Отстраненность художника, его сущностная, неотъемлемая отстраненность от двигательной реакции объясняет недоумение нормального цензора. Он, будучи «практичным человеком», рассматривает эмоции и видение, чувства и идеи как ведущие к действию. Он не видит, что искусство возникает из ритуала и что даже ритуал находится на некотором удалении от практической жизни. В мире цензора зрелище обнаженного тела ведет прямо к желанию, поэтому танцовщица должна быть задрапирована; проблемная пьеса ведет прямо в суд по бракоразводным делам, поэтому она должна быть подвергнута цензуре. Нормальный цензор, по-видимому, ничего не знает о том мире, где двигательные реакции отсечены, о том доме, сделанном без рук, чьи двери закрыты для желания, вечном на небесах. Цензор в данный момент не persona grata, но отдадим ему должное. Он действует в соответствии со своими представлениями, и они часто вполне адекватно представляют среднюю тьму. Нормальная аудитория содержит много «практичных» людей, чей стандарт такой же, как у нормального цензора. Искусство — то есть видение, отстраненное от практических реакций, — для них неизвестный мир, полный моральных рисков, от которых художник quâ художник застрахован.

До сих пор мы могли бы, пожалуй, сказать, что искусство было внеморальным. Но это утверждение было бы вводящим в заблуждение, поскольку, как мы видели, искусство по самому своему происхождению социально, а социальное означает человеческое и коллективное. Моральное и социальное в конечном анализе — одно и то же. Та человеческая, коллективная эмоция, из которой, как мы видели, возник хоровой танец, по своей сути моральна; то есть она объединяет. «Искусство, — говорит Толстой, — имеет ту особенность, что оно объединяет людей». В этом убеждении, как мы увидим позже, он предвосхищает современное движение унинамистов (стр. 249).

Но есть другой, и, возможно, более простой способ, которым искусство морально. Как уже предполагалось, оно очищает, отсекая двигательные реакции личного желания. Художник, глубоко влюбленный в жену своего друга, однажды сказал: «Если бы я только мог написать ее и получить то, что хочу от нее, я мог бы это вынести». Его желание поначалу вызывает холод; оно звучит эгоистично; оно обладает специфической, инстинктивной, неизбежной жестокостью художника, видящего в человеческой природе материал для своего искусства. Но оно показывает нам моральную сторону искусства. Художник был добрым и чувствительным человеком; он видел страдания, которые причинил и причинил бы людям, которых любил, и он увидел, или, скорее, почувствовал, путь к спасению; он увидел, что через искусство, через видение, через отстраненность желание может быть убито, а человек внутри него может обрести покой. Для некоторых натур этот инстинкт к искусству — почти единственная их мораль.

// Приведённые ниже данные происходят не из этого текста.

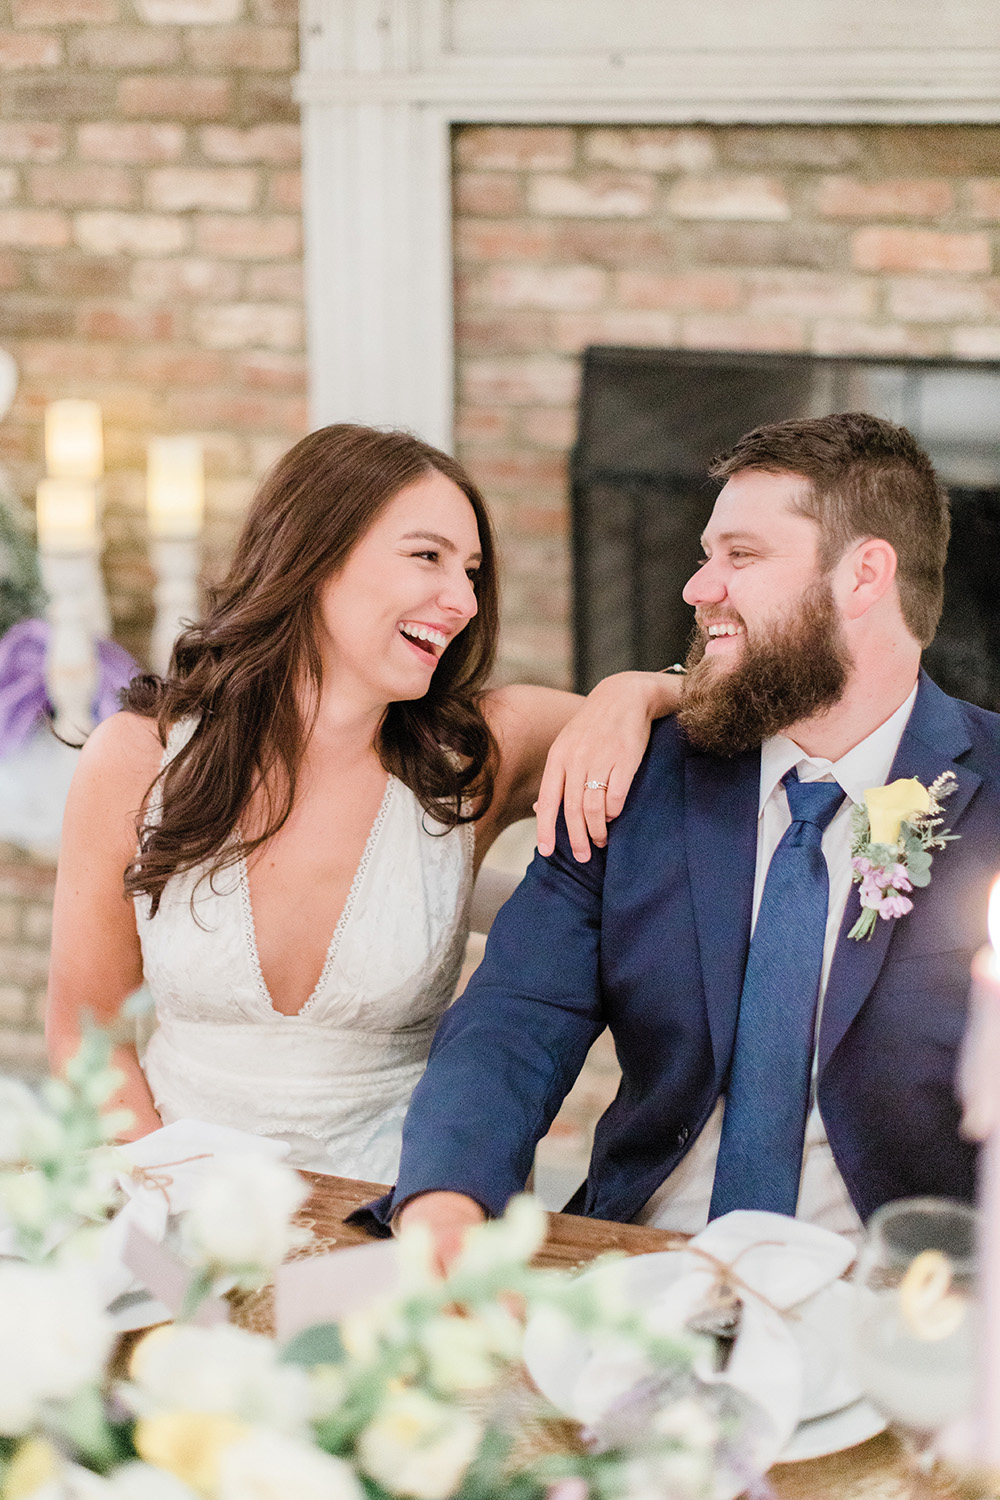 laughing couple at wedding table

Если они обнаруживают, что тесно запутались в ненависти, ревности или даже презрении, так что не могут видеть объект своей ненависти, ревности или презрения в ясном, спокойном и прекрасном свете, они беспокойны, несчастны, морально расстроены, и они вынуждены обуздать или убить личное желание и таким образом обрести покой.

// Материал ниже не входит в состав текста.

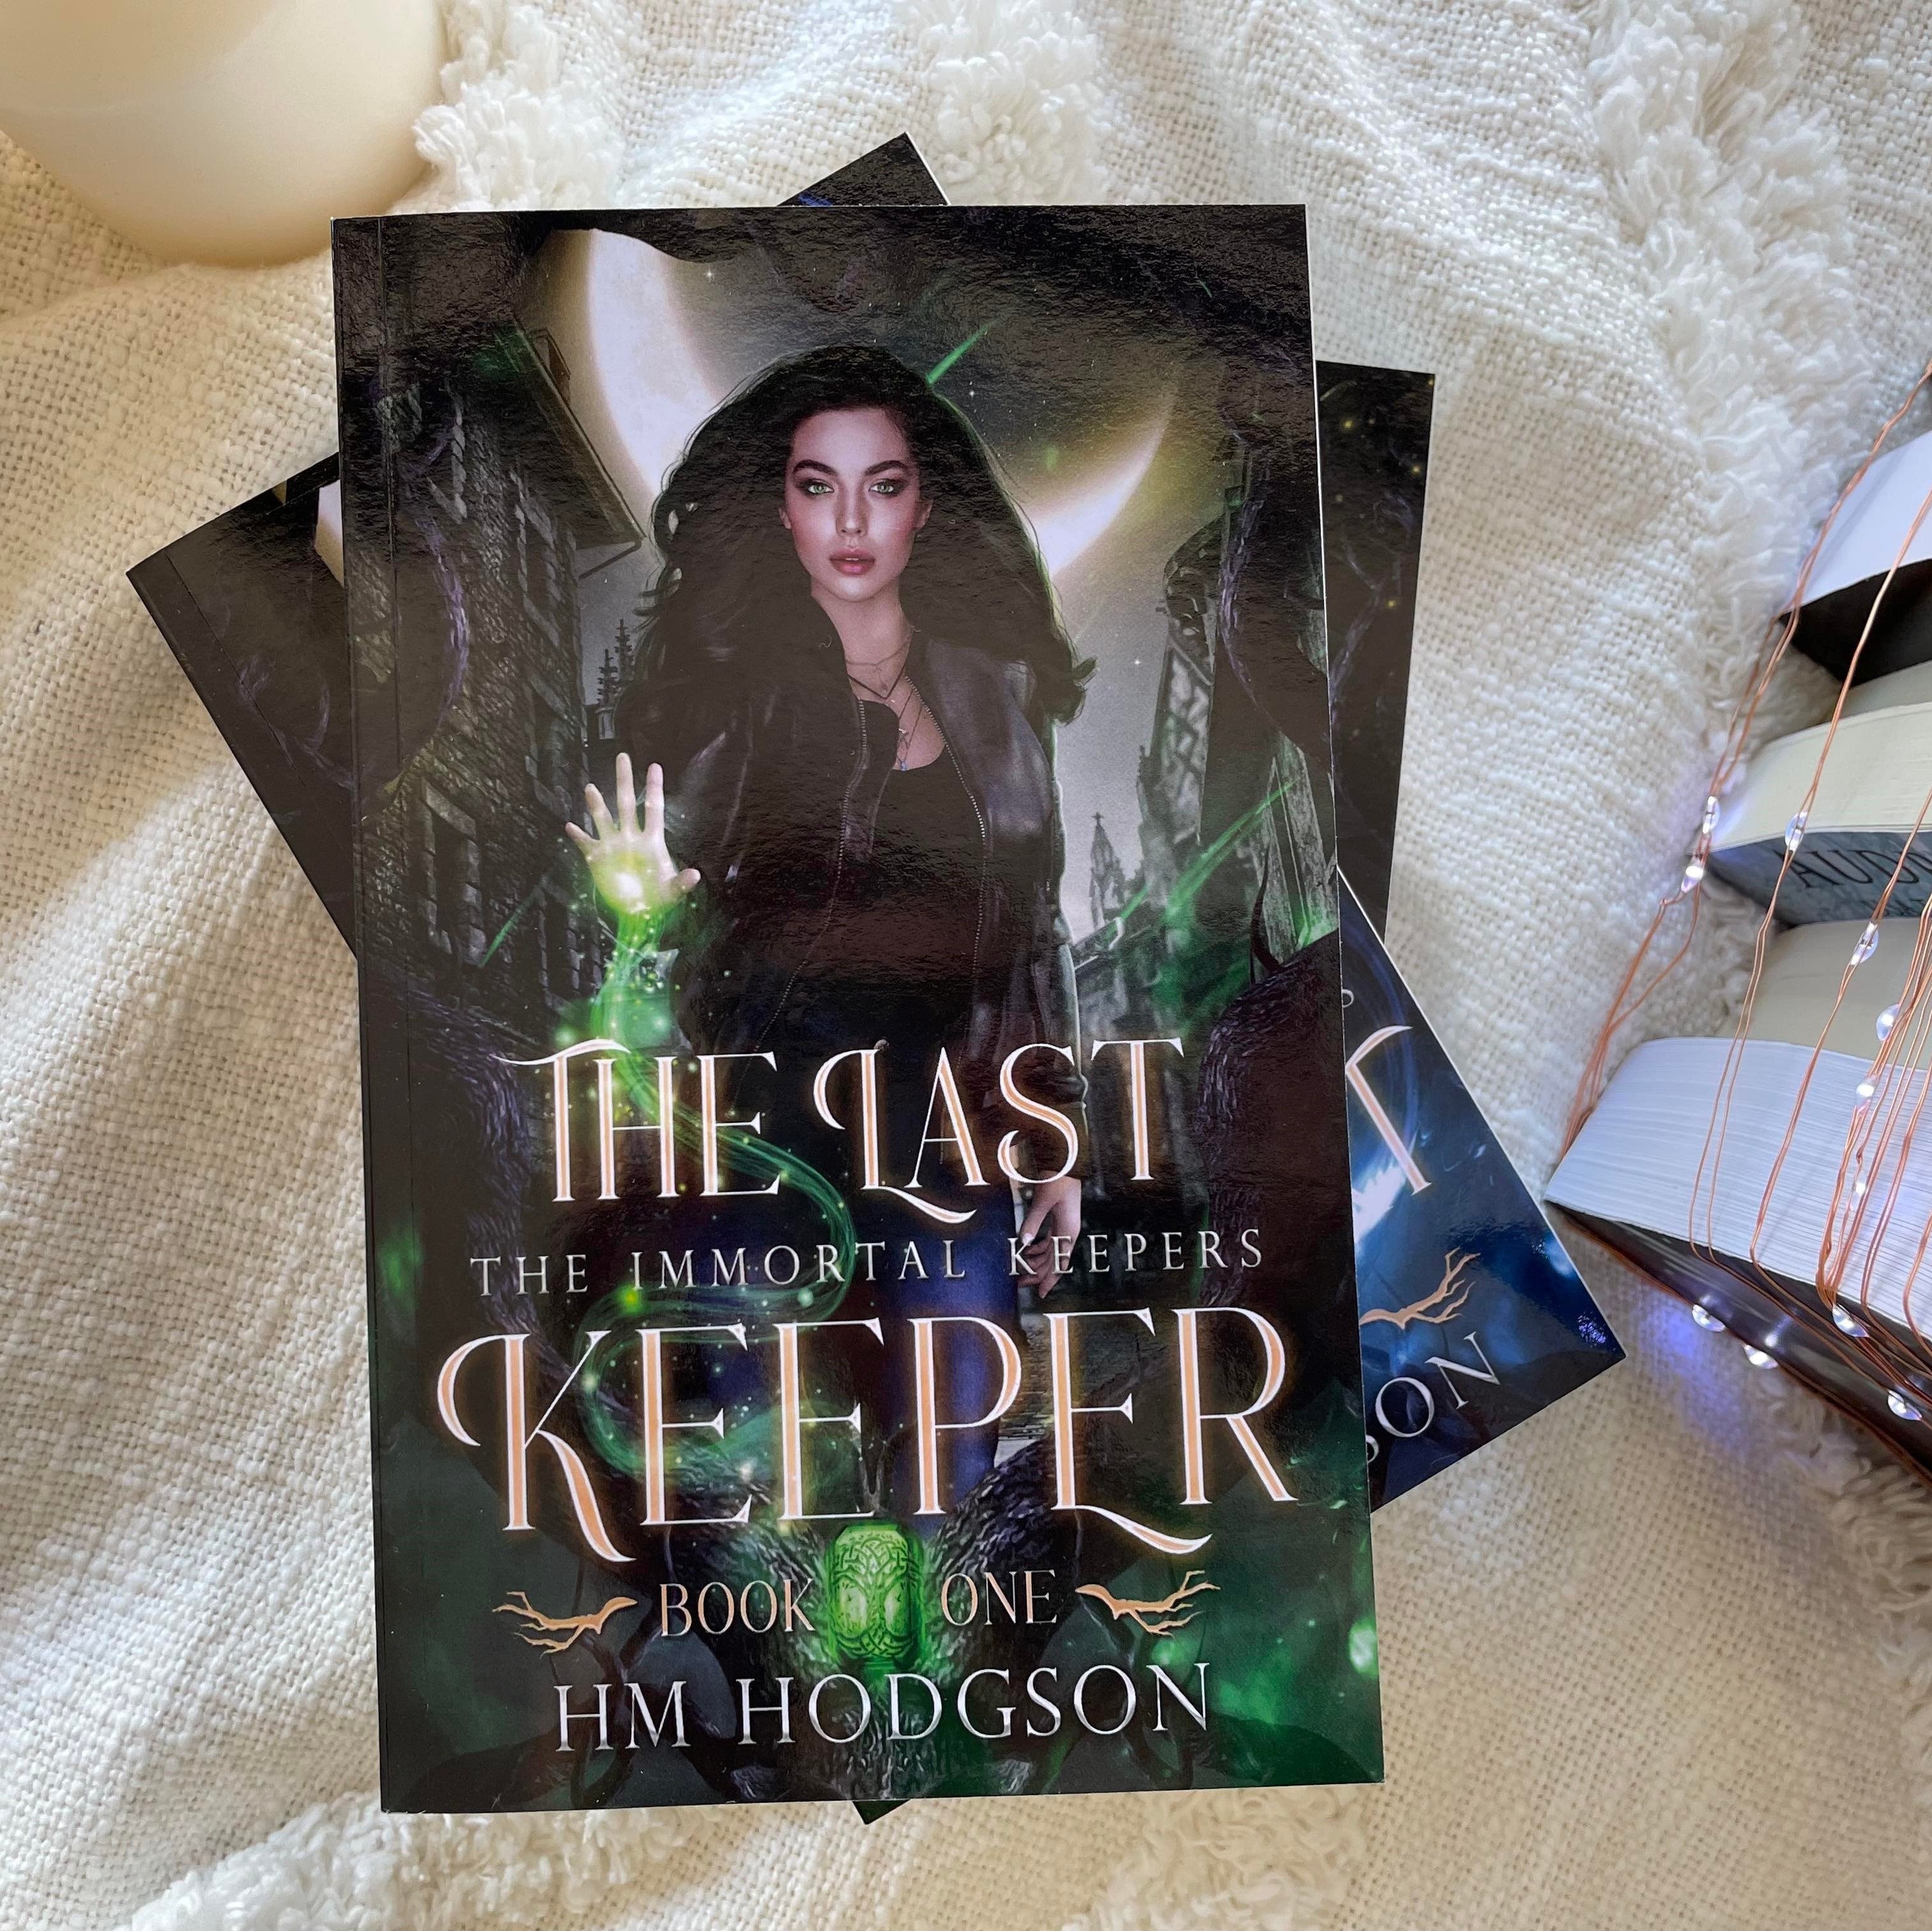 The Immortal Keepers by HM Hodgson

Эту отстраненность, это очищение эмоций от личной страсти искусство имеет общего с философией. Если философ будет искать истину, должно быть, говорит Плотин, «отвращение» духа, отстраненность. Он должен стремиться к созерцанию; действие, говорит он, есть «ослабление созерцания». Наше слово «теория», которое мы используем в связи с рассуждением и которое происходит от того же греческого корня, что и «театр», означает на самом деле пристальный взгляд, созерцание; оно очень близко по значению к нашему «воображению». Но философ отличается от художника тем, что он стремится не только к созерцанию истины, но и к упорядочиванию истин, он стремится сделать всю вселенную понятной структурой. Более того, его не гонит овод творчества, он не вынужден облекать свои образы в видимую или слышимую форму. Он более далек от напора жизни. Тем не менее философ, как и художник, живет в своем собственном мире, со своим собственным очарованием, близким к красоте, и секрет этого очарования — та же отстраненность от тирании практической жизни. Сущность искусства, говорит Сантаяна, — это «устойчивое созерцание вещей в их порядке и достоинстве». Он мог бы определять философию.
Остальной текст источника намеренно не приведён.